In your 35 years, what have been the biggest industry changes?
The biggest changes would be to the smoking laws – the banning of smoking inside clubs and outdoor dining areas. There is also more awareness and training for staff to deal with problem gambling. Women are also more represented in senior management roles.
When I think of the bowling club in particular, the changes to the women’s bowling uniform come to mind. When bowling, women were only allowed to wear skirts or dresses, which were knee-length or longer, with stockings, of course. No colours were allowed apart from cream or white, and jewellery was minimal. Separate days were allocated for men’s and women’s bowls. Men and women could “roll up” together but could not play bowls together.
What’s one of your favourite memories of your career?

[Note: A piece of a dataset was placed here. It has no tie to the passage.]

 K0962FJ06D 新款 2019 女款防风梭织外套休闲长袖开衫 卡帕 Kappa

The annual Women’s Bowling Club Christmas Concert was always a highlight. There was also the first time I played lawn bowls and somehow our team won. But mostly, the people I’ve had the pleasure to work with and the friends I’ve made.

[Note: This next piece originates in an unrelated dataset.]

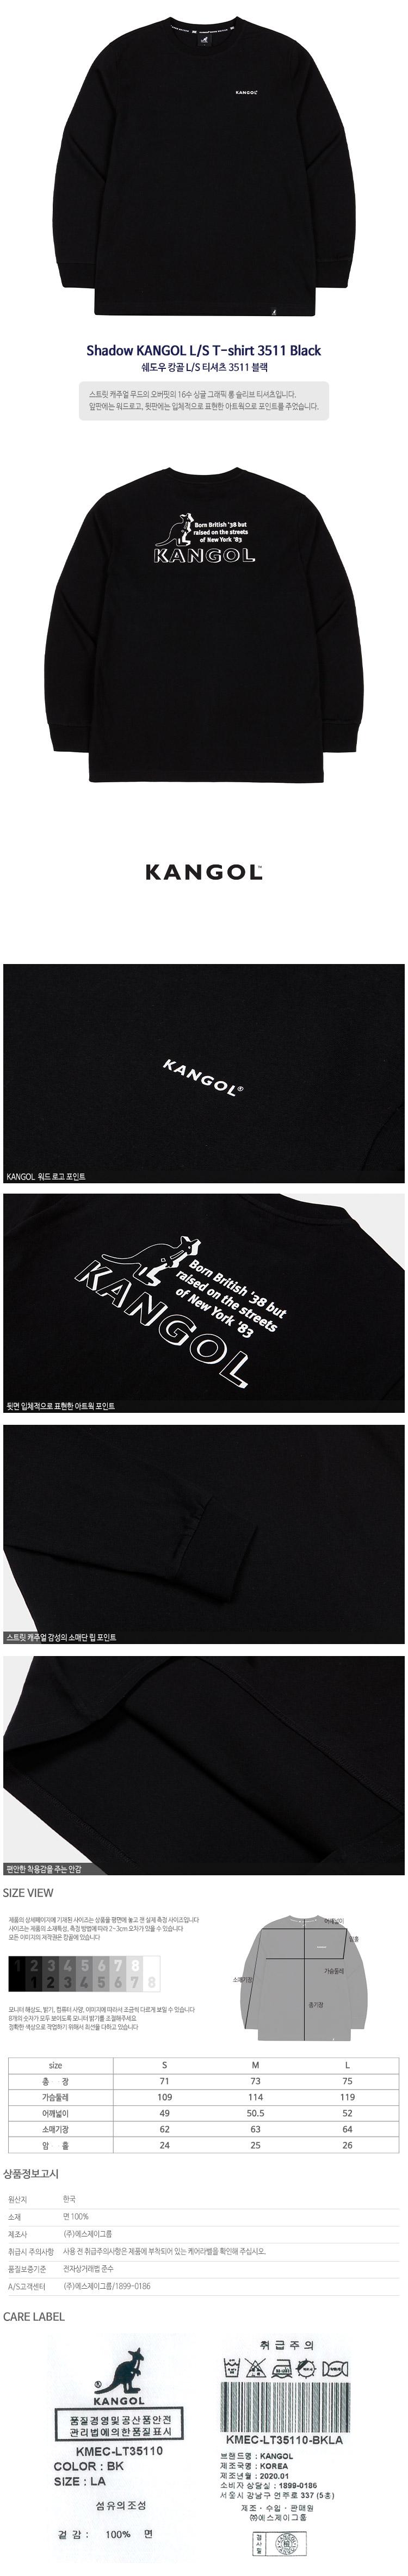 Shadow KANGOL L/S T-shirt 3511 BLACK

What do you consider to be your greatest achievement in your 35 years?
Being nominated by the RSL club and presented with the Pride of Workmanship Award by Ingleburn Rotary Club last year is definitely a treasured highlight.
I also believe connecting with people is important. In particular, when I was working at the bowling club, many of the bowlers and patrons were retired and some lived on their own. Sometimes just lending an ear, having a friendly smile, saying hello, and being patient and understanding, is all that’s needed to brighten someone’s day and make them feel like they belong. I have met some amazing people over the years – and sadly, lost some too.
How do you spend your time outside of work?
I love spending time with my family, going on walks and Sunday drives with them. I love a good book and getting out in the garden.
What advice would you give your younger self starting out in the clubs industry 35 years ago?
Don’t be shy, ask questions. Try and learn something new every day – and just be yourself.